Closed wanhui5867 closed 2 years ago

wanhui5867 commented 2 years ago

Hi,

Thanks for the great tools!

I tried my samples with the ecotype_discovery_bulk function. With the default setting, it runs successfully, but when I checked the results, I found two problems.

  1. The state assigned to each sample in the stat_assignment table is not the same colour in the heatmap. Let's use MC104R as an example, it was assigned to S02, but In the heatmap, all S02 colours are red (S01). I think the problem is that the state number in the right heatmap is not equal to the left one, could you modify the script? image

image

  1. The assigned state was not the most abundant one in the state_abundances table. We still use MC104R as an example, the highest abundant is S04 in the state_abundances table (please see below screenshot), but it was assigned to S02 in the stat_assignment table. image

Besides, the problem of assigned cell state/ecotype is not the most abundant one is also found in the De novo Discovery function (please check your DiscoverOutput result), but it seems correct in ecotype assignment in the Recovery function.

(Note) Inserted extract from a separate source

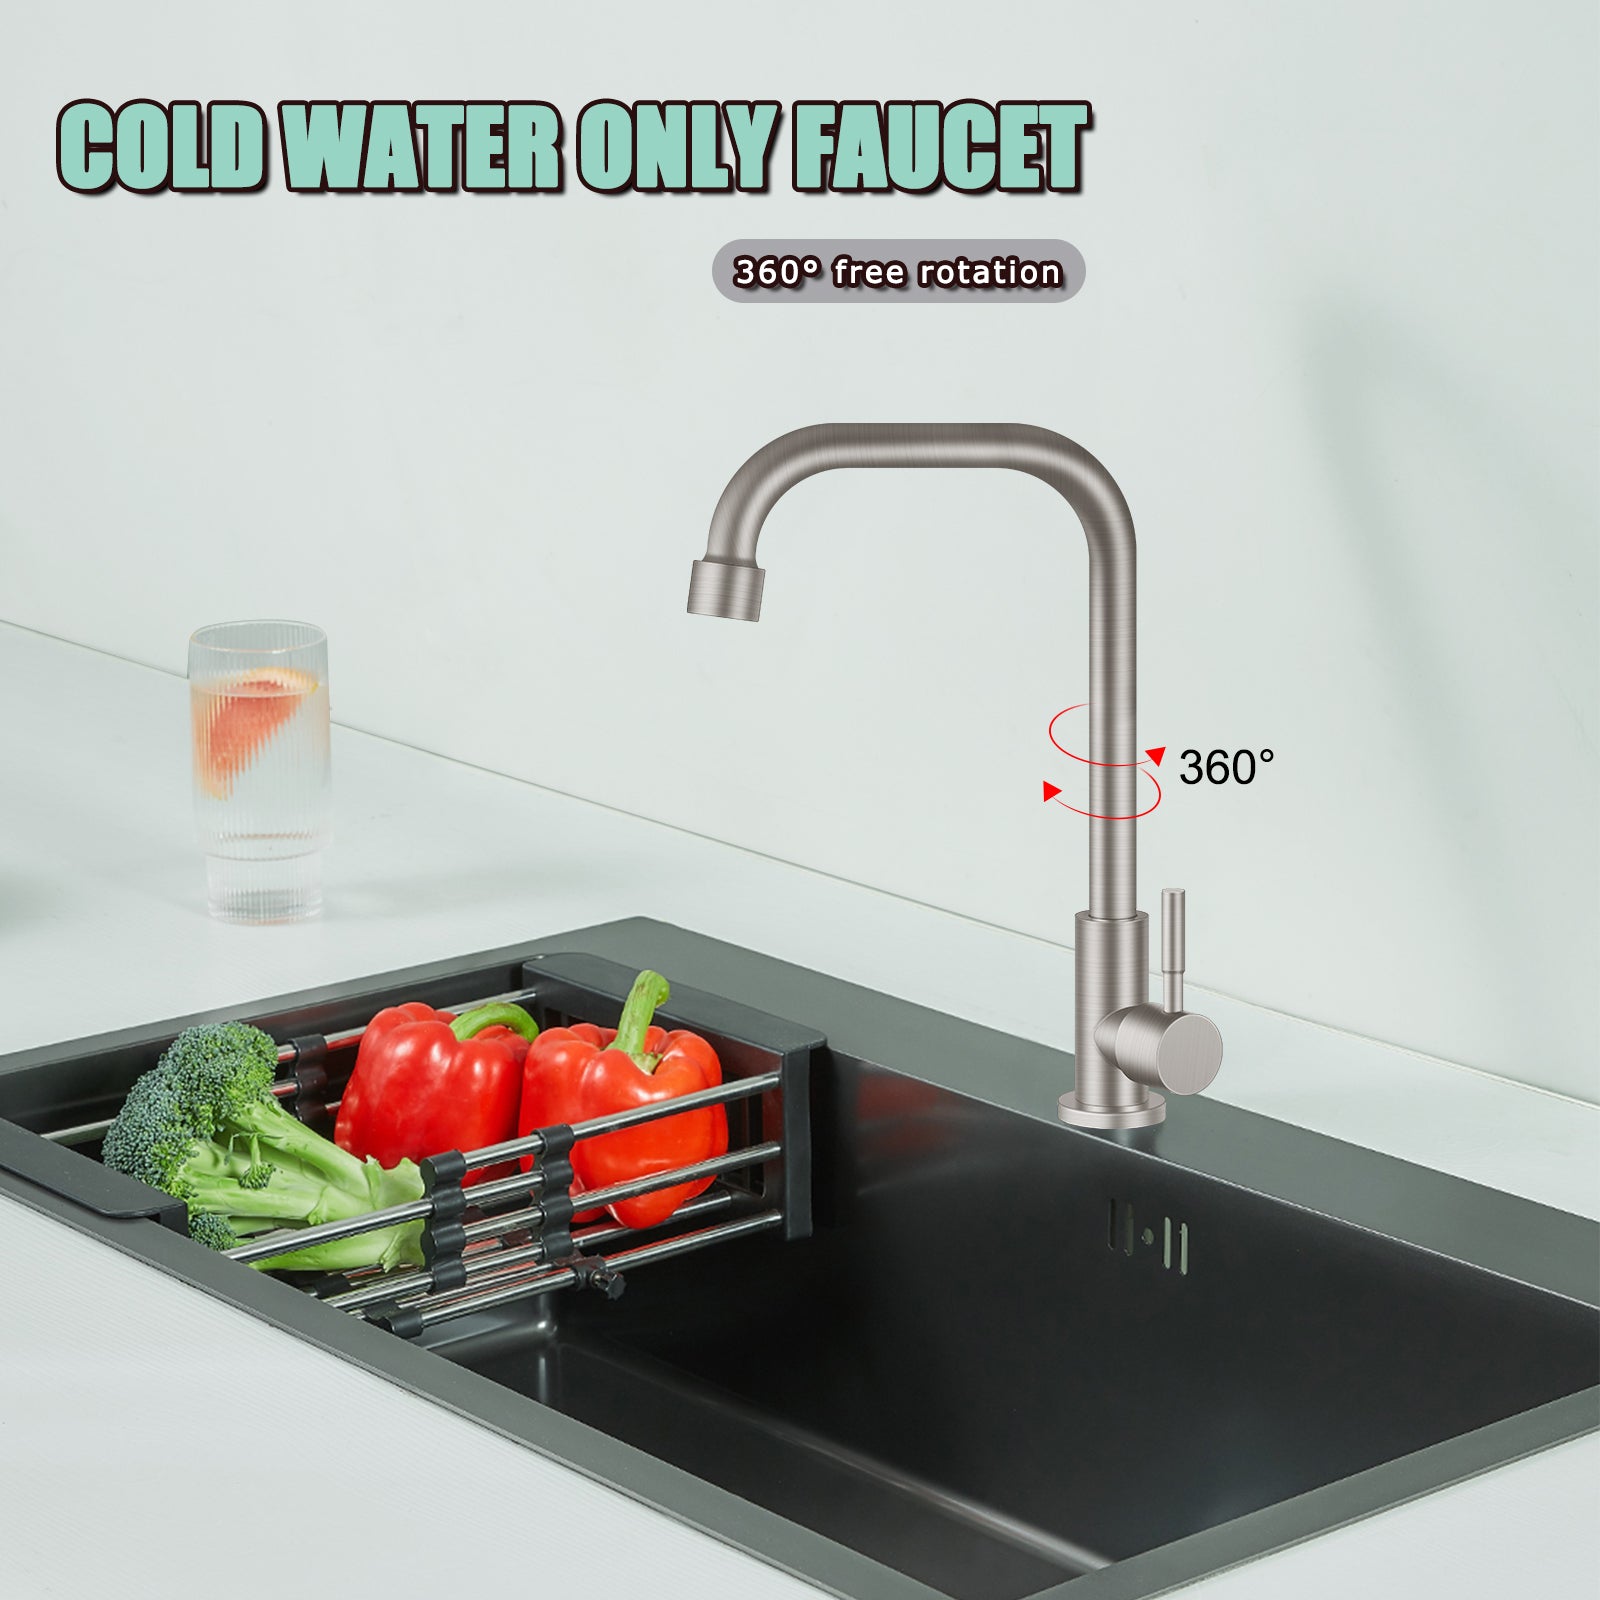 Cold Only Water Kitchen Faucet Heyalan Single Lever Handle 304 Stainless Steel Commercial Bar Tap Decked Mounted 360 Degree Swivel Spout Longer Thread Pipe

Could you figure it out?

Thanks in advance!

Best, Hui

BALuca commented 2 years ago

Hi Hui,

I double checked, and the heatmap annotation colors are displayed correctly, even when some cell states are missing. For me this works both in R v3.5.1 and v4.0.2. Are you sure that the heatmap and the excel tables are from the same cell type? If everything seems correct to you, would it be possible to share the data you tried on ecotyper.stanford@gmail.com, and indicate the cell type where you observe this behavior? Regarding the second point, you shouldn't have values >1 in the state abundance table. EcoTyper specifically normalizes so that the state abundances are in the range 0-1. I would check that Excel doesn't auto-format the values in a weird way. If you are positive that EcoTyper outputs values >1, please send us the data for debug and indicate the cell type where you observe this behavior.

Best, The EcoTyper team

wanhui5867 commented 2 years ago

Hi,

Thanks for your checking and reply!

I am sure I use the same excel table and heatmap. Actually, you can see the problem just from the heatmap, for example, the white border of the right heatmap is the same as the S02 border of the left heatmap, but the state colour in the right is S01. I will share my raw data and results with you via email.

For point2, you are right. It is the problem of Excel format, I found the scientific e notation in the end. The assigned state is the most abundant one.

Thanks again, Hui

wanhui5867 commented 2 years ago

The issue was solved by the authors.